:: Data for the task ::

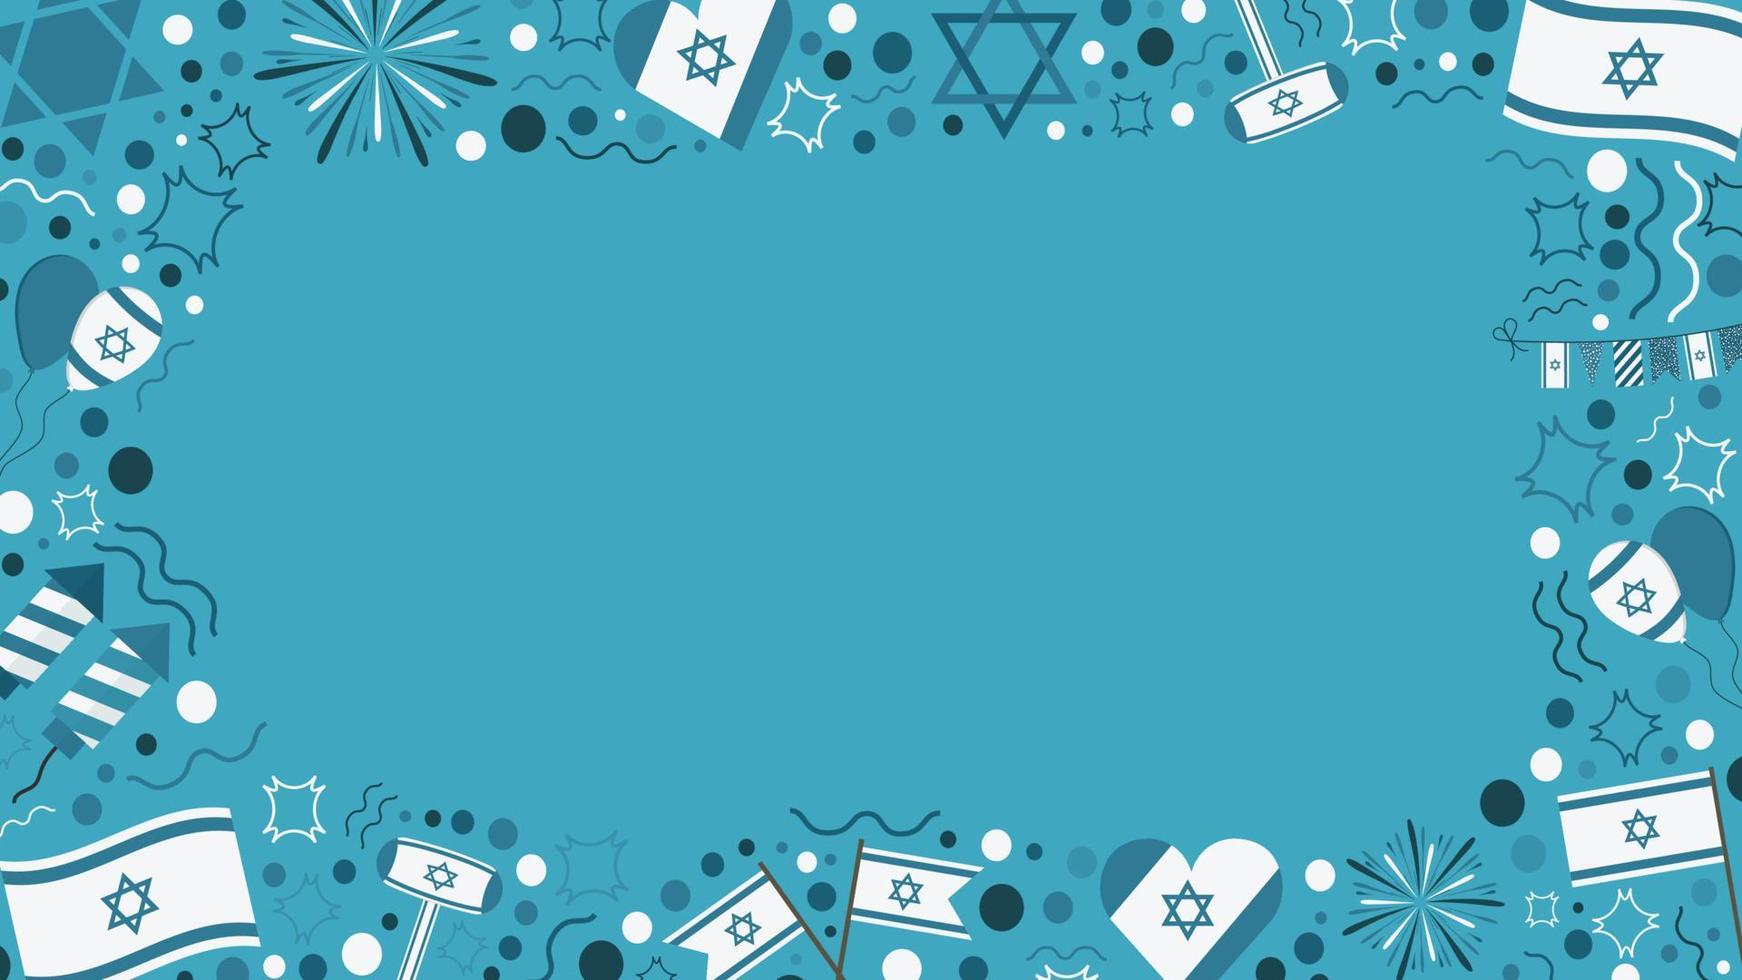 marco con iconos de diseño plano de vacaciones del día de la independencia de israel vector
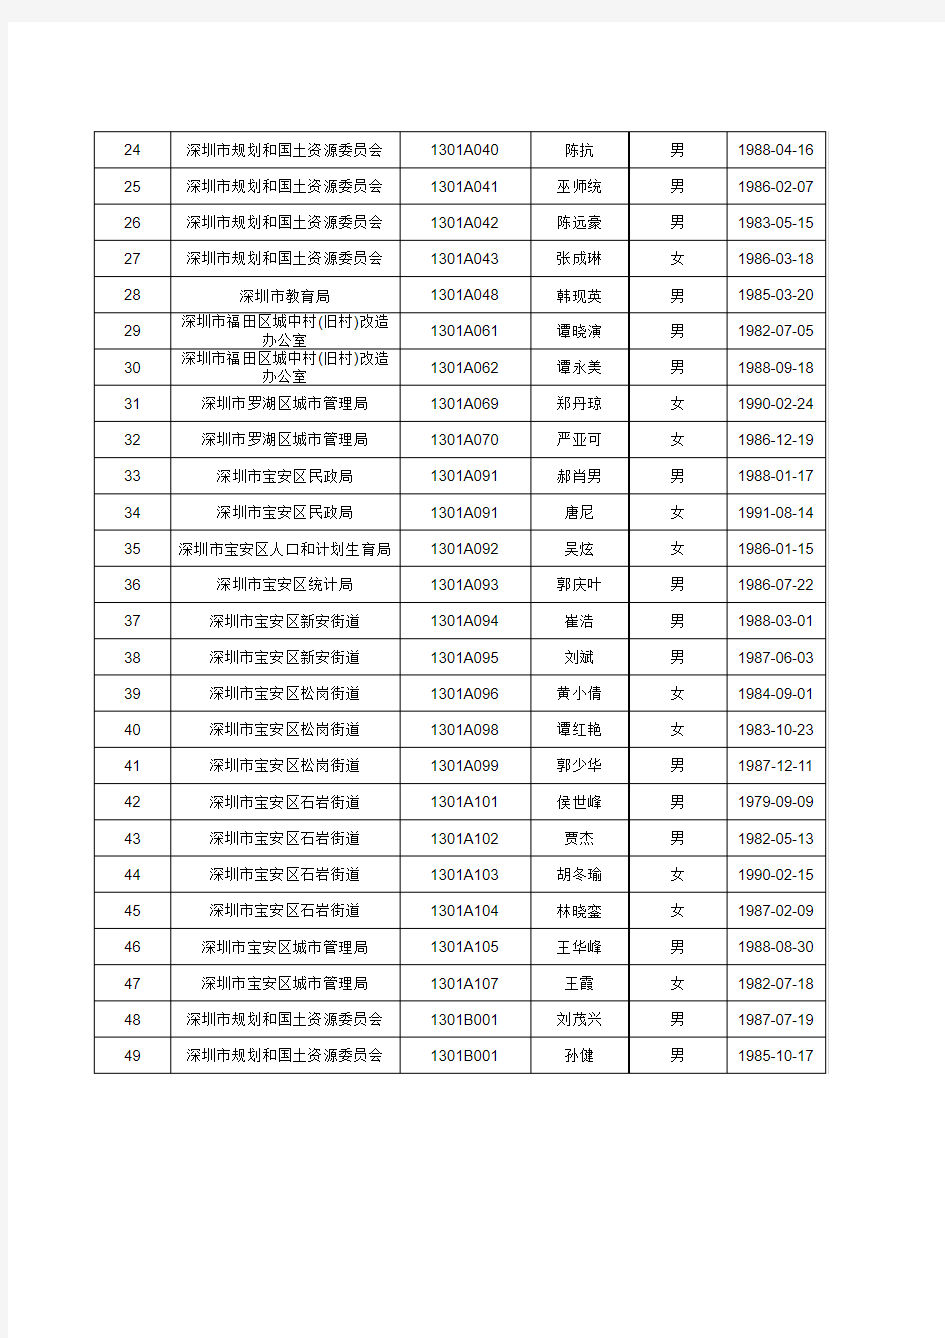 拟聘人员公示名单(四)xls - 深圳市人力资源和社会保障局
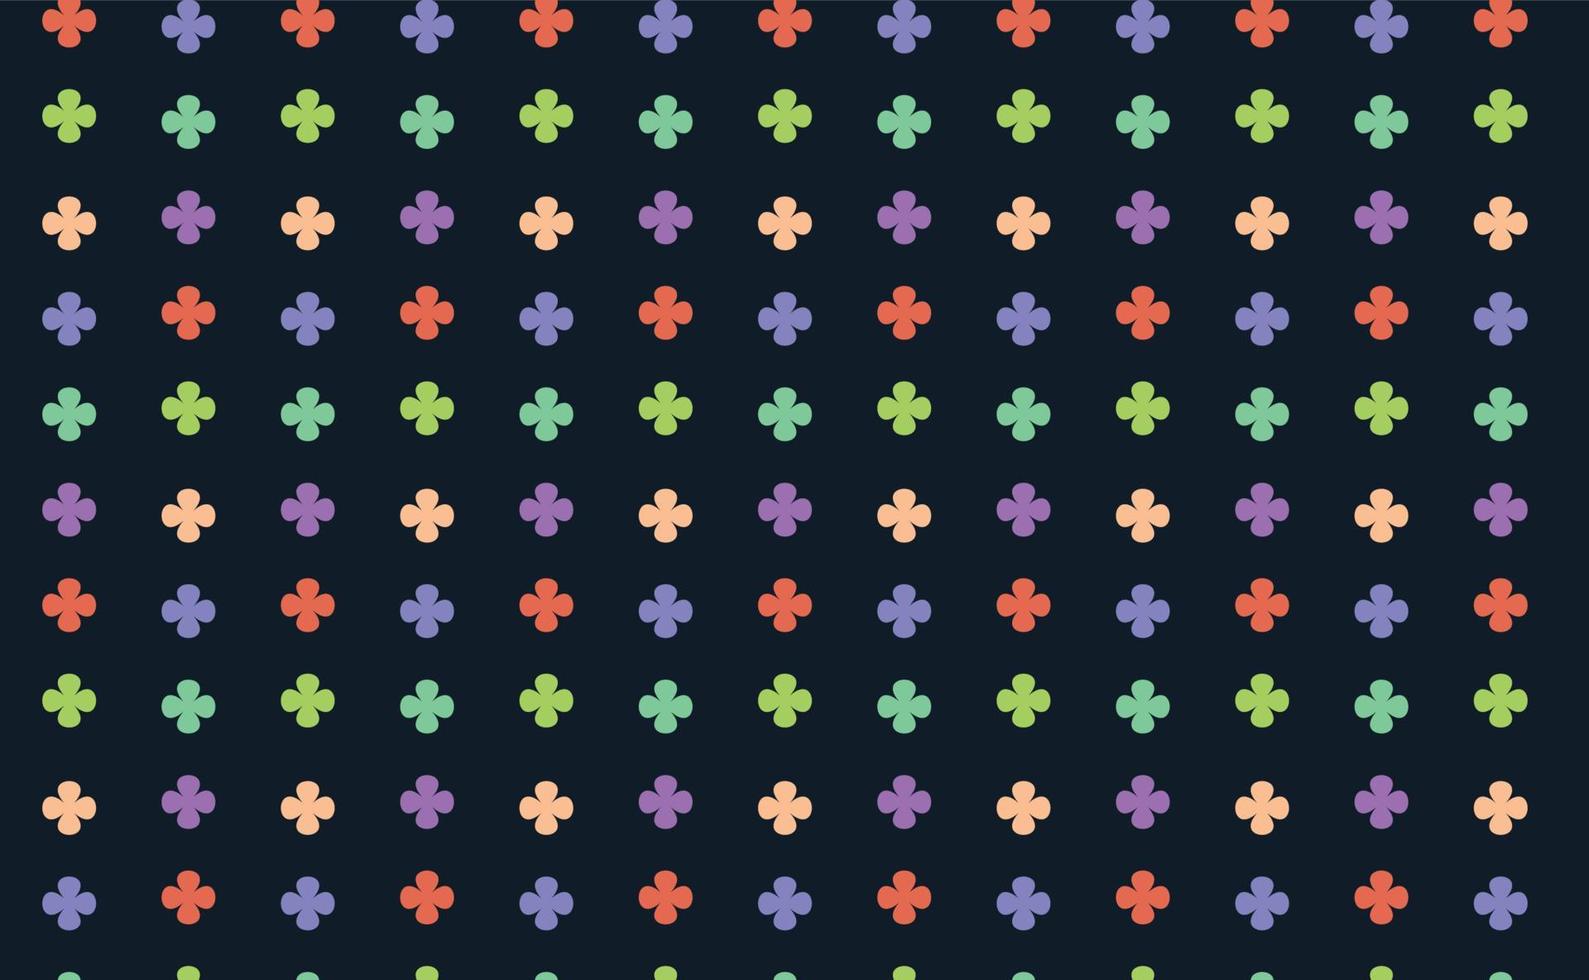 patrón de hojas florales patrón de papel tapiz patrón de gráficos ilustración de fondo, vector de diseño de fondo de patrón desvergonzado de otoño para gráficos textiles impresos
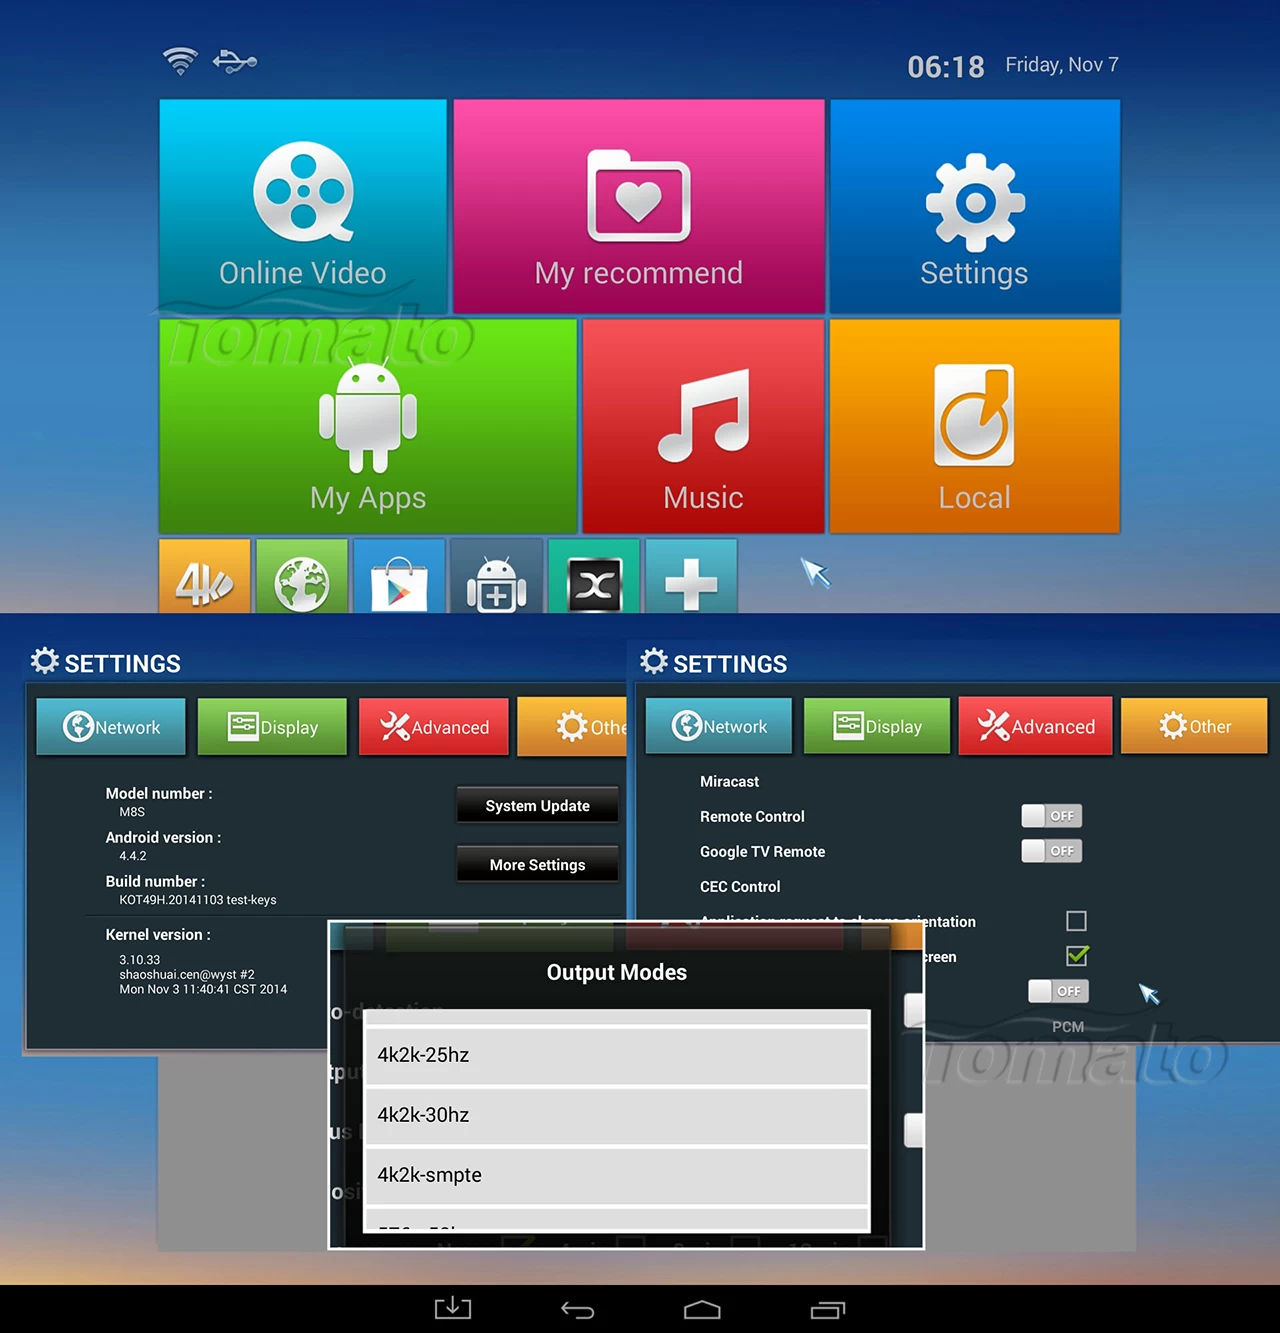 Quad Core TV Box TM8S TV Box Ultra HD 4K2K Amlogic S812 Google Android 4.4 TV Box TM8S
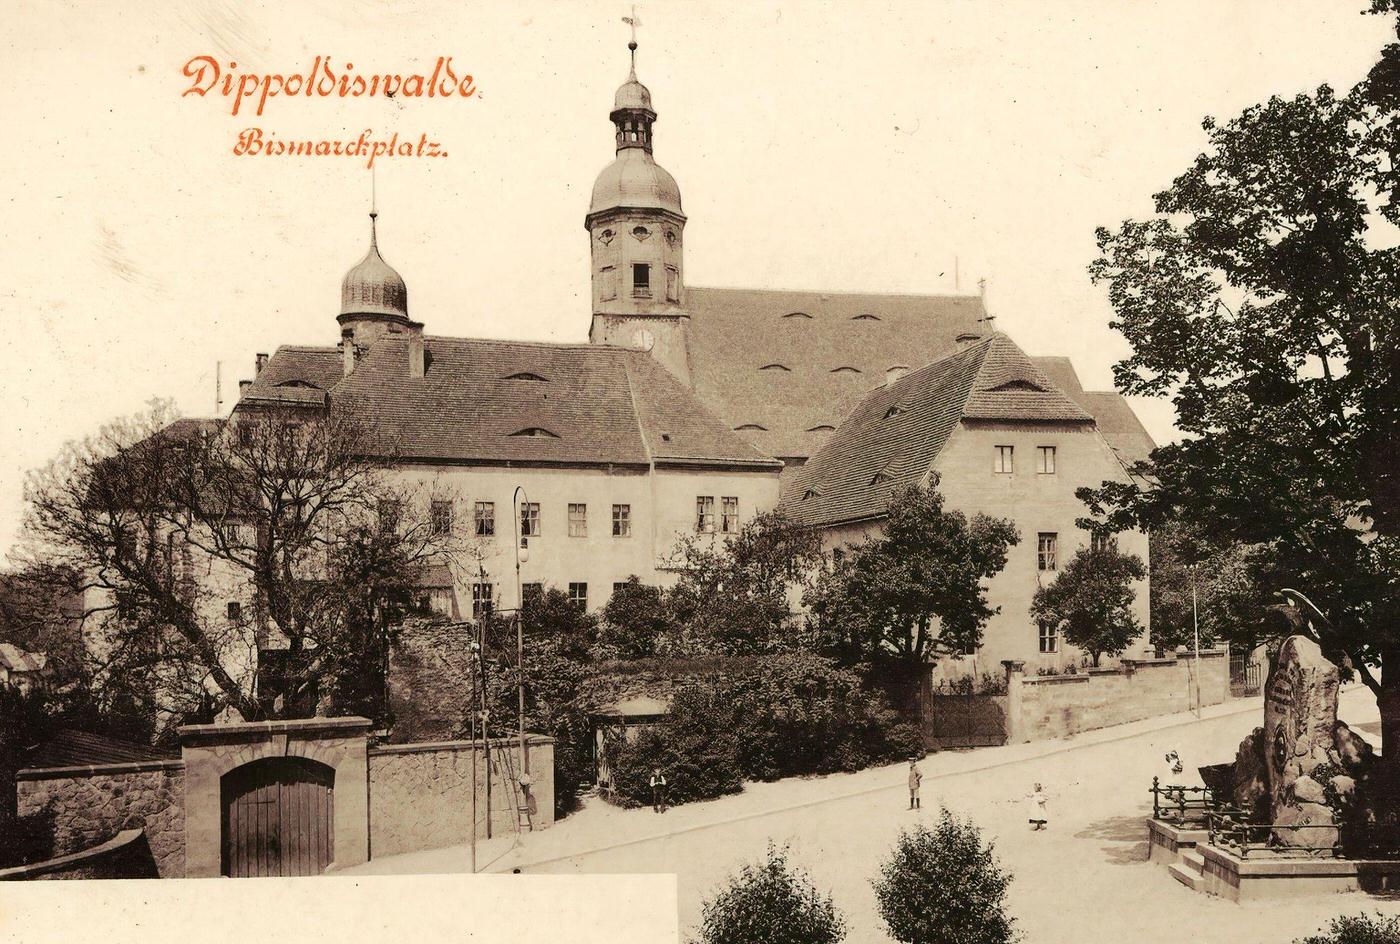 Churches in Dippoldiswalde, Monuments to Otto von Bismarck, 1899
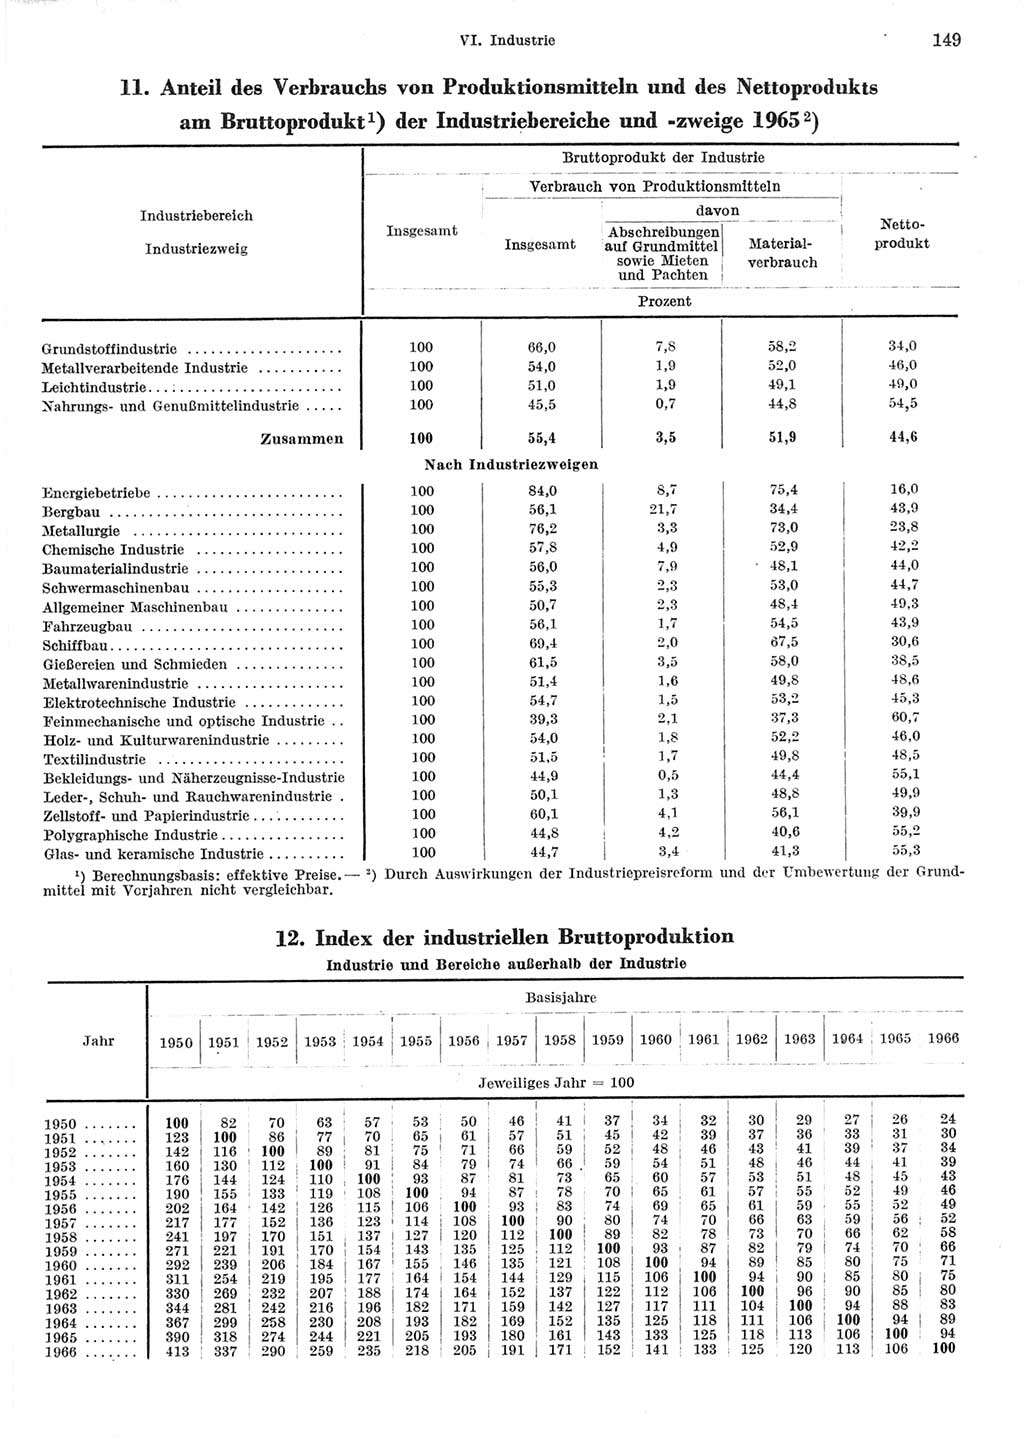 Statistisches Jahrbuch der Deutschen Demokratischen Republik (DDR) 1967, Seite 149 (Stat. Jb. DDR 1967, S. 149)

:::

**Brief:** Output exactly those lines of the data above that run from the line with "拟聘人员公示名单(四)xls - 深圳市人力资源和社会保障局" up to and including the line with "Quad Core TV". No pictures go in.

**Exercise solution:**
 拟聘人员公示名单(四)xls - 深圳市人力资源和社会保障局
 patrón de hojas florales patrón de papel tapiz patrón de gráficos ilustración de fondo, vector de diseño de fondo de patrón desvergonzado de otoño para gráficos textiles impresos
 Quad Core TV Box TM8S TV Box Ultra HD 4K2K Amlogic S812 Google Android 4.4 TV Box TM8S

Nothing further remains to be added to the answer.